Be aware that a single, large GPU will have better throughput performance than multiple small GPUs but you may see better latency characteristics using multiple, smaller GPUs.

Model-level training data assignment removal in 10.1

Starting in version 10.1, the model-level training data assignment API (api/v2/customModels/<custom model ID>/trainingData/) is removed after 3 deprecation cycles. Requests to the API return a 404. The new model version-level training data assignment must be used instead.

If your organization has critical flows using this API, it can be re-enabled for a 1-month grace period to migrate to the new logic. To enable the deprecated API, set the following feature flag configuration: DISABLE_CUSTOM_MODEL_DISABLE_MODEL_LEVEL_TRAINING_DATA_ASSIGNMENT = True.

High Availability scenarios for Custom Models

To enable high availability within the cluster, two configuration flags are available. These settings leverage Kubernetes Pod Disruption Budgets (PDBs) and pod anti-affinity rules.

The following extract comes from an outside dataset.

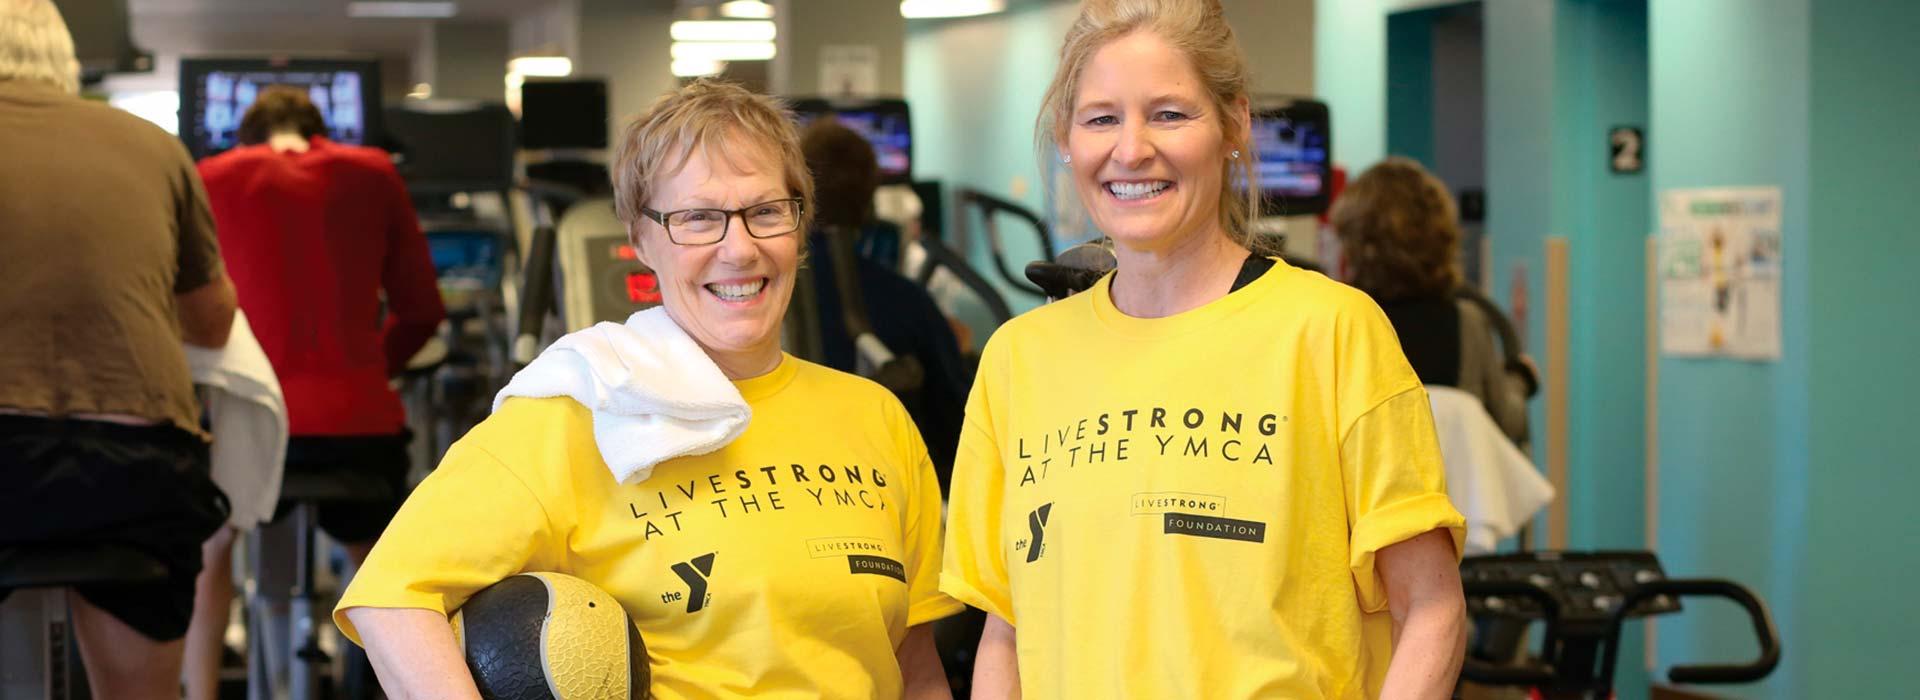 Two LIVESTRONG at the YMCA participants smiling at the camera with the Wellness Center in the background

Pod Disruption Budget Configuration

ENABLE_PDB_FOR_CUSTOM_MODELS_LRS_WITH_MULTIPLE_REPLICAS controls the application of PDB policies for custom model deployments. When enabled, any custom model with two or more replicas is assigned a PDB with maxUnavailable = 1. This ensures that Kubernetes will allow only a single replica to be taken down at any given time. By default, this setting is disabled.

Pod Anti-Affinity Configuration

Pod anti-affinity behavior is governed by the ENABLE_HA_FOR_ALL_MODEL_DEPLOYMENTS flag. When enabled, each replica of a custom model is scheduled onto a distinct node. The configuration uses requiredDuringSchedulingIgnoredDuringExecution, meaning Kubernetes can schedule only as many replicas as there are nodes available. For example, if a deployment requests four replicas but the cluster has only three nodes, only three replicas will be scheduled. By default, this setting is disabled.